Several years ago the Green Bay Packers played a terrible game and had lost badly before the home crowd in Green Bay. They had embarrassed their Hall of Fame coach Vince Lombardi. They had embarrassed the city of Green Bay. They had stunk up the stadium! They all sat in the locker room after the game. The coach was eerily silent. No one dared head for the showers until they heard from him. Even he sat silent…seemingly at loss for words to respond to such a terrible performance for such a gifted group of athletes. Finally he picked up a football. They watched thinking he might chuck it at someone. Perhaps throw it in utter frustration! Both actions would be so uncharacteristic for their beloved coach. Instead, he held it up for all of them to see. He looked them all in the eye, and said, “Gentlemen…THIS….IS A FOOTBALL!” In other words—back to the beginning. Back to square one! Back to the basics!

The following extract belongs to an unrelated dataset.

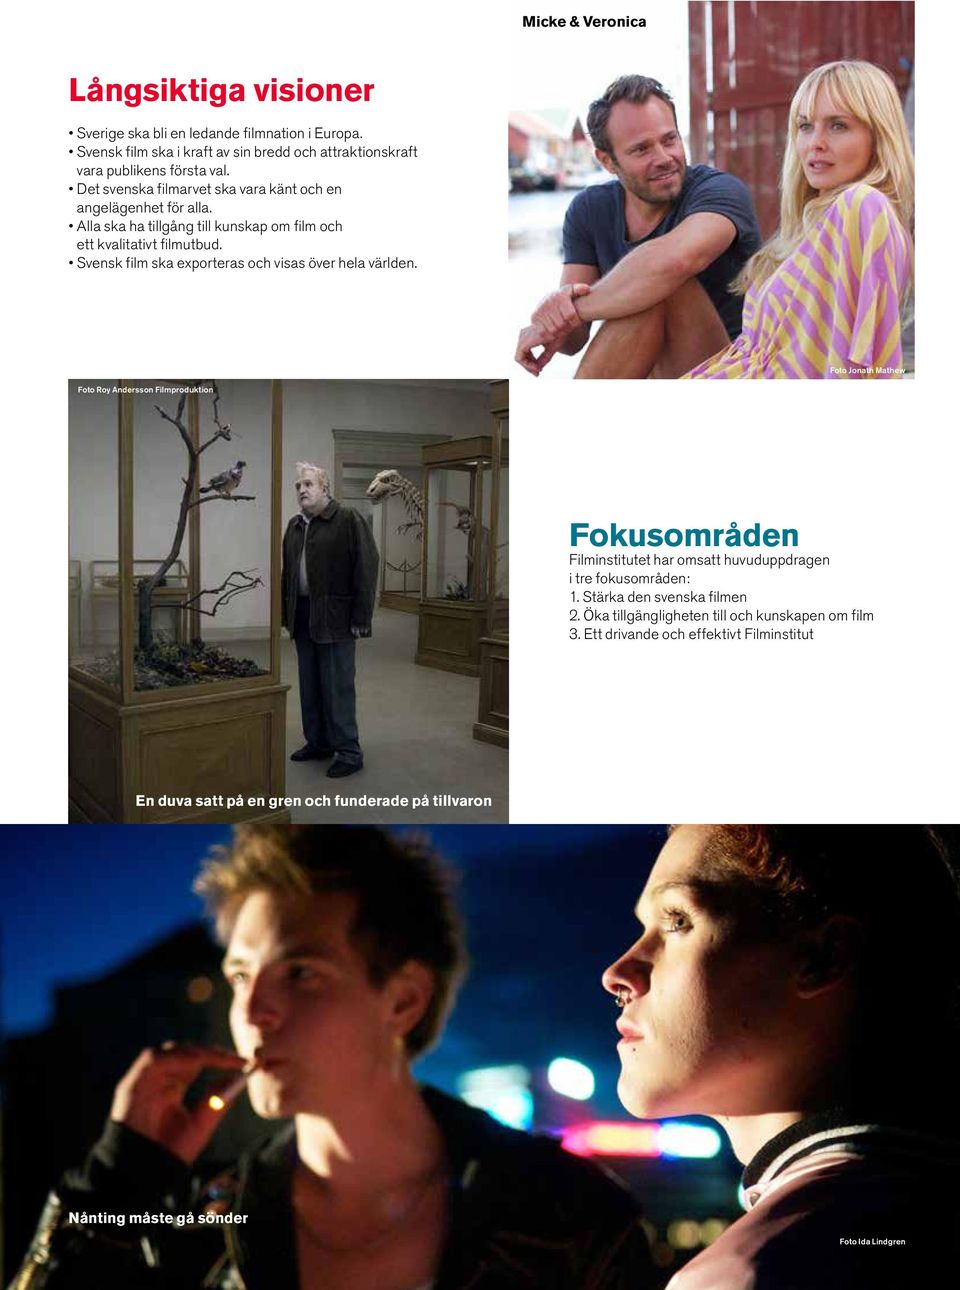 Svensk film ska exporteras och visas över hela världen.

When I am reminded of that story I think of a poem by T.S. Eliot, It is four lines found in Four Quartets. It is found in his forth poem of Four Quartets, called Little Gidding. In it he writes:
“We shall not cease from exploration
And the end of all of our exploring
Will be to arrive where we started
And know the place for the first time!”
When I think of the original meaning of the name Christian…and what it has come to mean to our casual Christian culture. We need to go back to “where we started” “and know the place for the first time” again! Somebody needs to mimic coach Lombardi with this paraphrase…”GENTLEMEN…THIS IS A CHRISTIAN!” The story is told of Alexander the Great was told that one of his soldiers was a coward. Alexander confronted him. He asked him, “what is your name soldier?” The soldier responded, “Alexander!” The great general looked at him…then in an angry tone, face to face, he told him—“change your nature…or change your name!” Not bad advice for Christians in our generation!